Exercise goal: Every line of the data below should be repeated exactly, and no picture should be copied.

*** Opening Information supplied ***

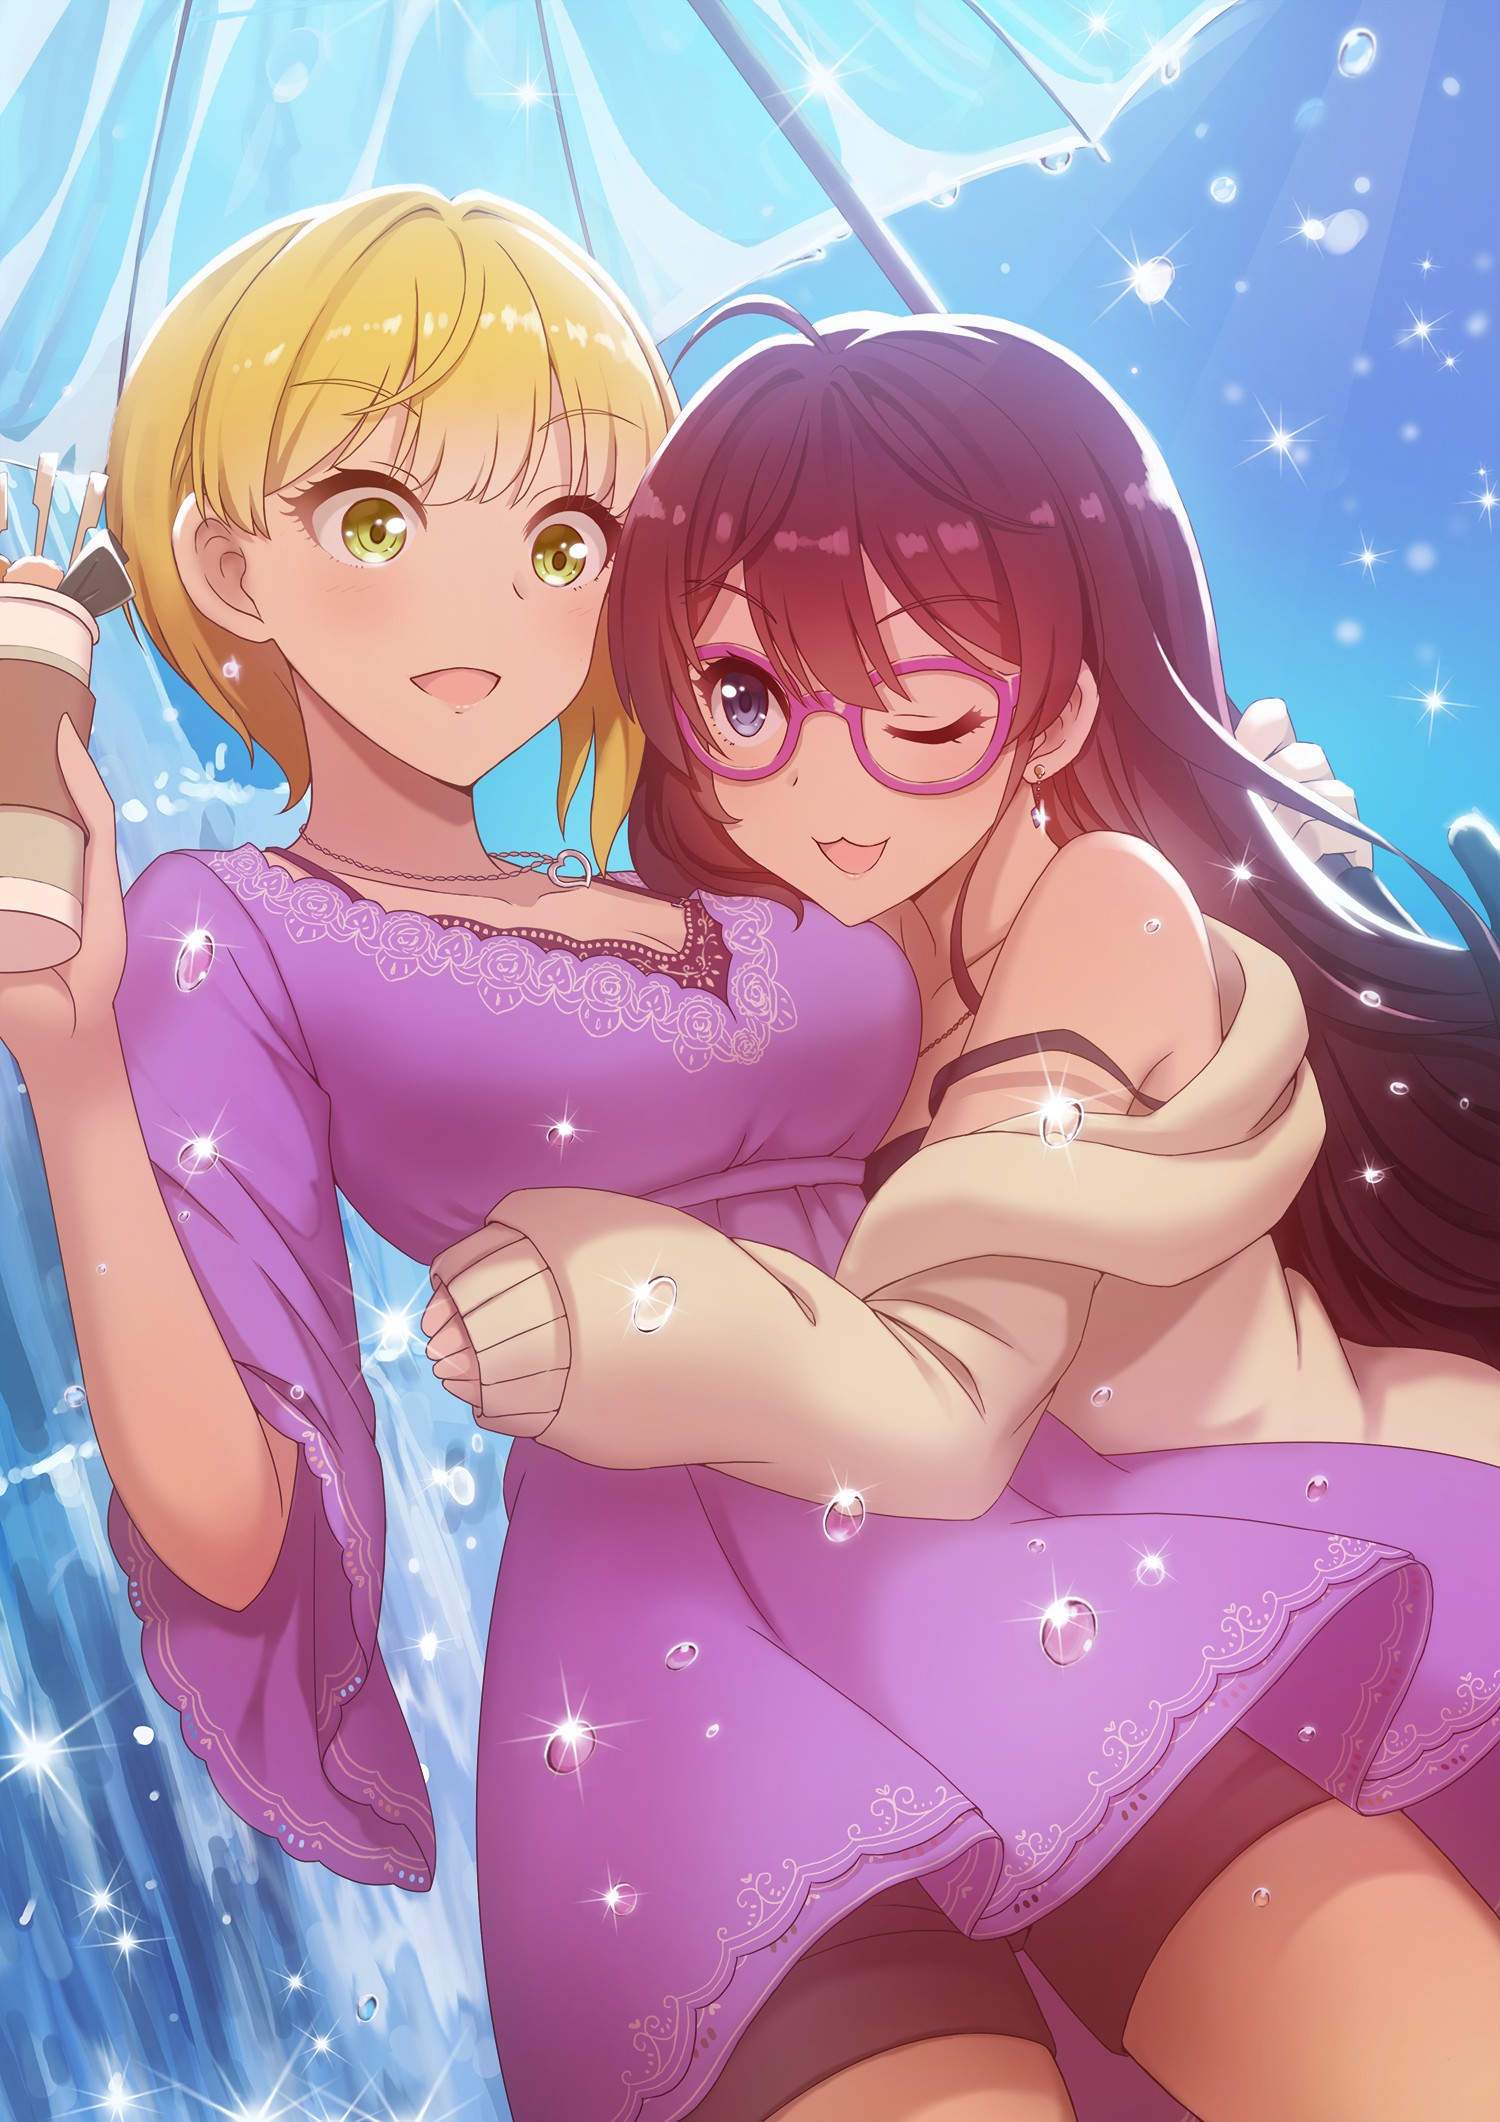 Anime 1500x2122 anime girls THE iDOLM@STER THE iDOLM@STER: Cinderella Girls bra cleavage dress open shirt sweater umbrella glasses short hair long hair blonde brunette green eyes blue eyes two women one eye closed hugging Pixiv food sweets surprised women with glasses purple dress anime
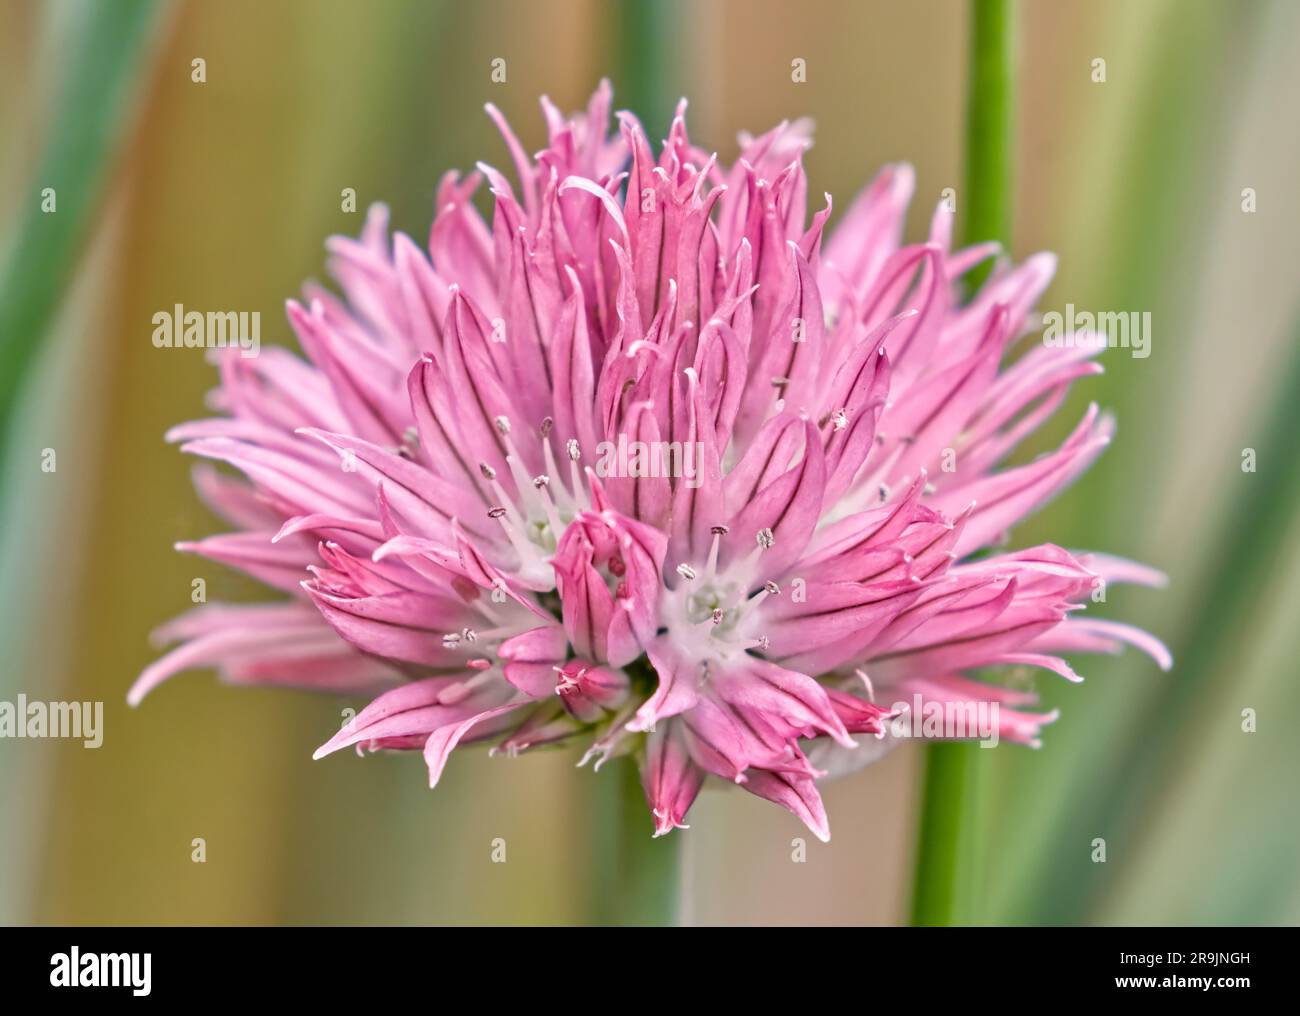 Chive flower Stock Photo
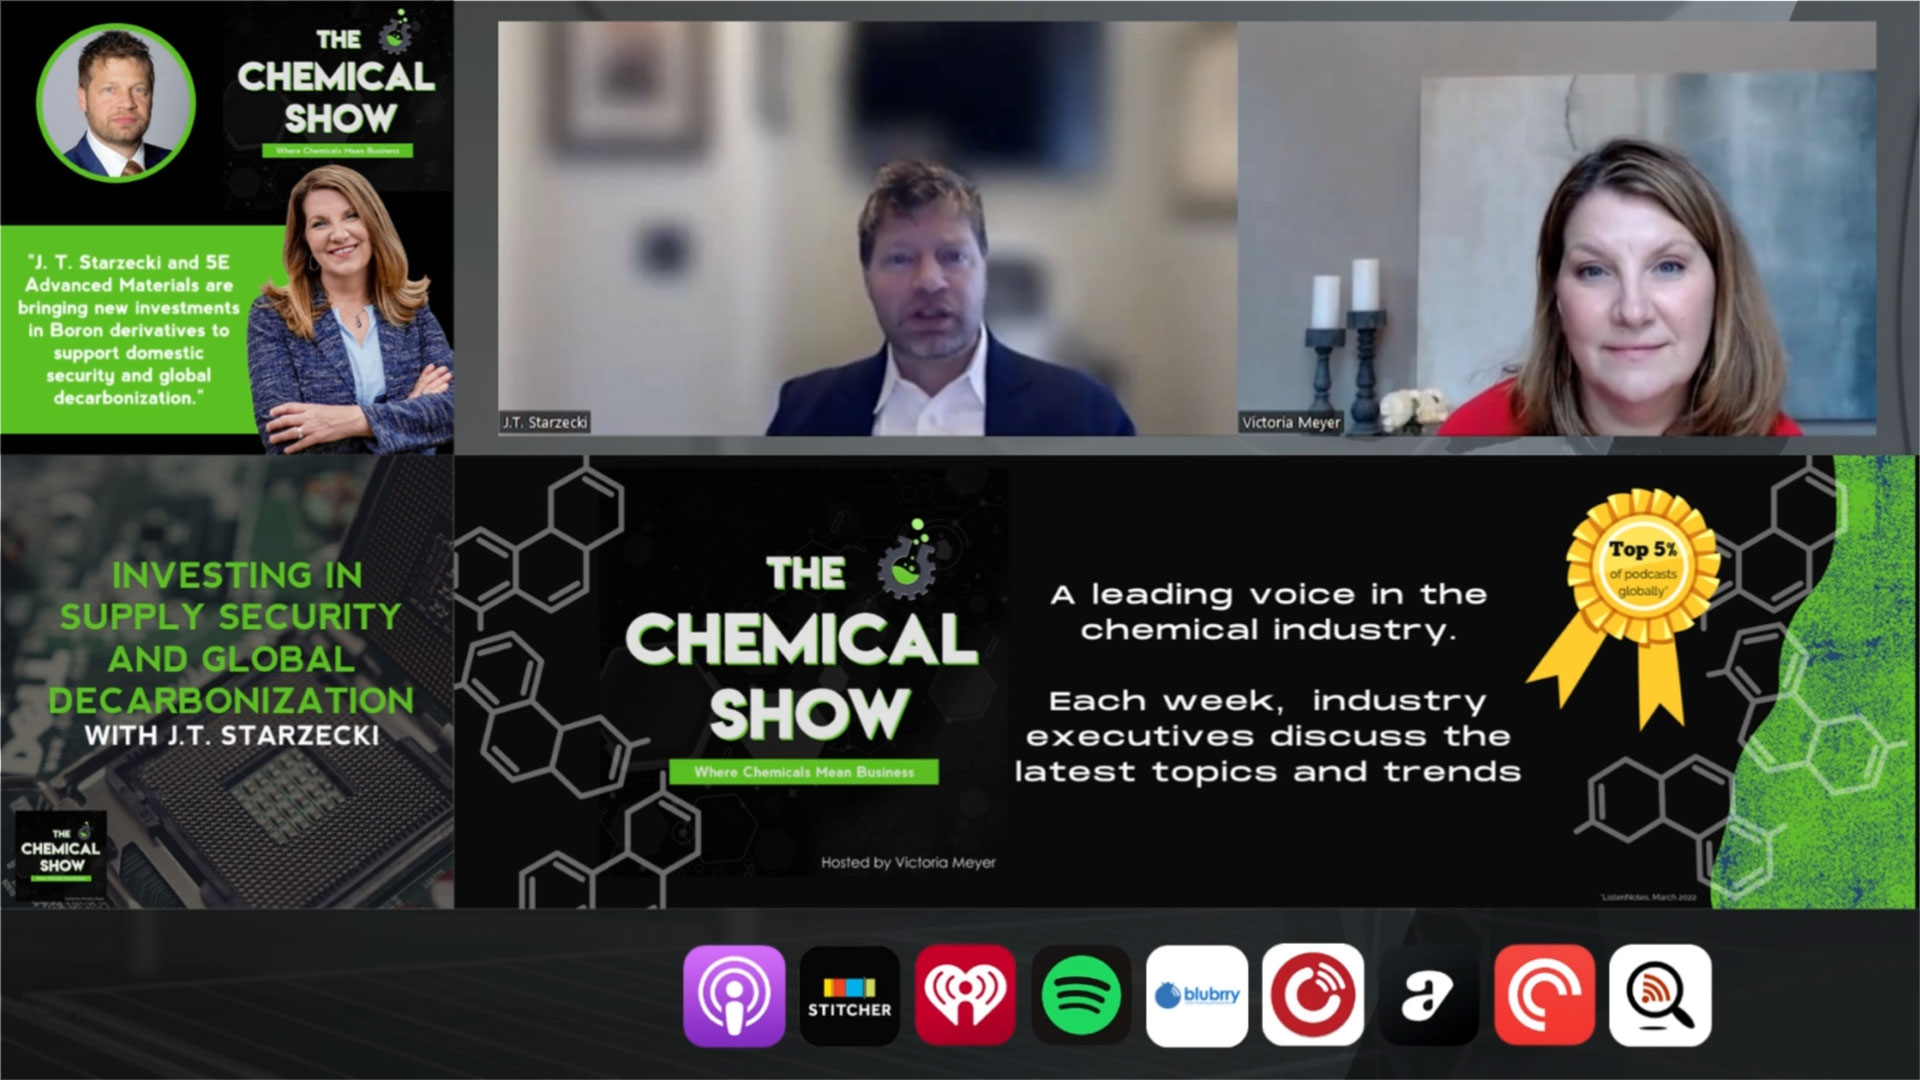 The Chemical Show – Investing in Supply Security and Global Decarbonisation with J.T. Starzecki
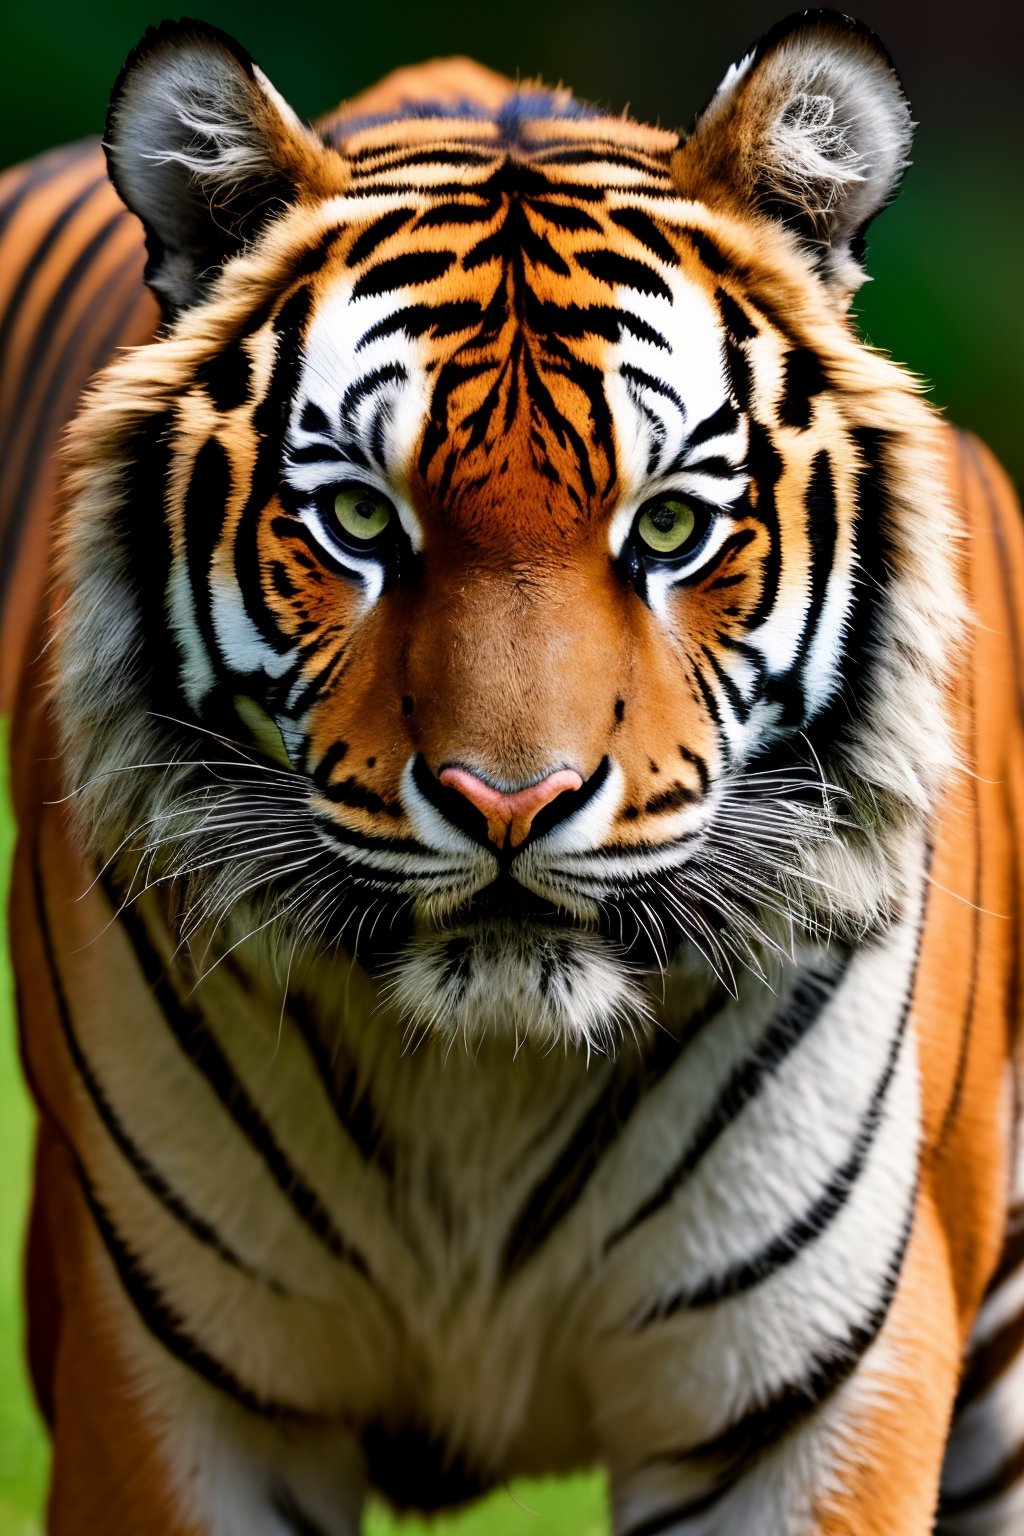 (best quality, 8K, ultra-detailed, masterpiece), (macro photography, close-up shot), Immerse the viewer in the world of a majestic tiger with an 8K masterpiece. Employ the art of macro photography to capture an awe-inspiring close-up of the tiger. Focus on revealing the intricate details of its fur, eyes, and whiskers, allowing the viewer to appreciate the raw beauty and power of this magnificent creature in exquisite ultra-detail.

*** Closing Information supplied ***

Answer space:
 Anime 1500x2122 anime girls THE iDOLM@STER THE iDOLM@STER: Cinderella Girls bra cleavage dress open shirt sweater umbrella glasses short hair long hair blonde brunette green eyes blue eyes two women one eye closed hugging Pixiv food sweets surprised women with glasses purple dress anime
 Chive flower Stock Photo
 The Chemical Show – Investing in Supply Security and Global Decarbonisation with J.T. Starzecki
 (best quality, 8K, ultra-detailed, masterpiece), (macro photography, close-up shot), Immerse the viewer in the world of a majestic tiger with an 8K masterpiece. Employ the art of macro photography to capture an awe-inspiring close-up of the tiger. Focus on revealing the intricate details of its fur, eyes, and whiskers, allowing the viewer to appreciate the raw beauty and power of this magnificent creature in exquisite ultra-detail.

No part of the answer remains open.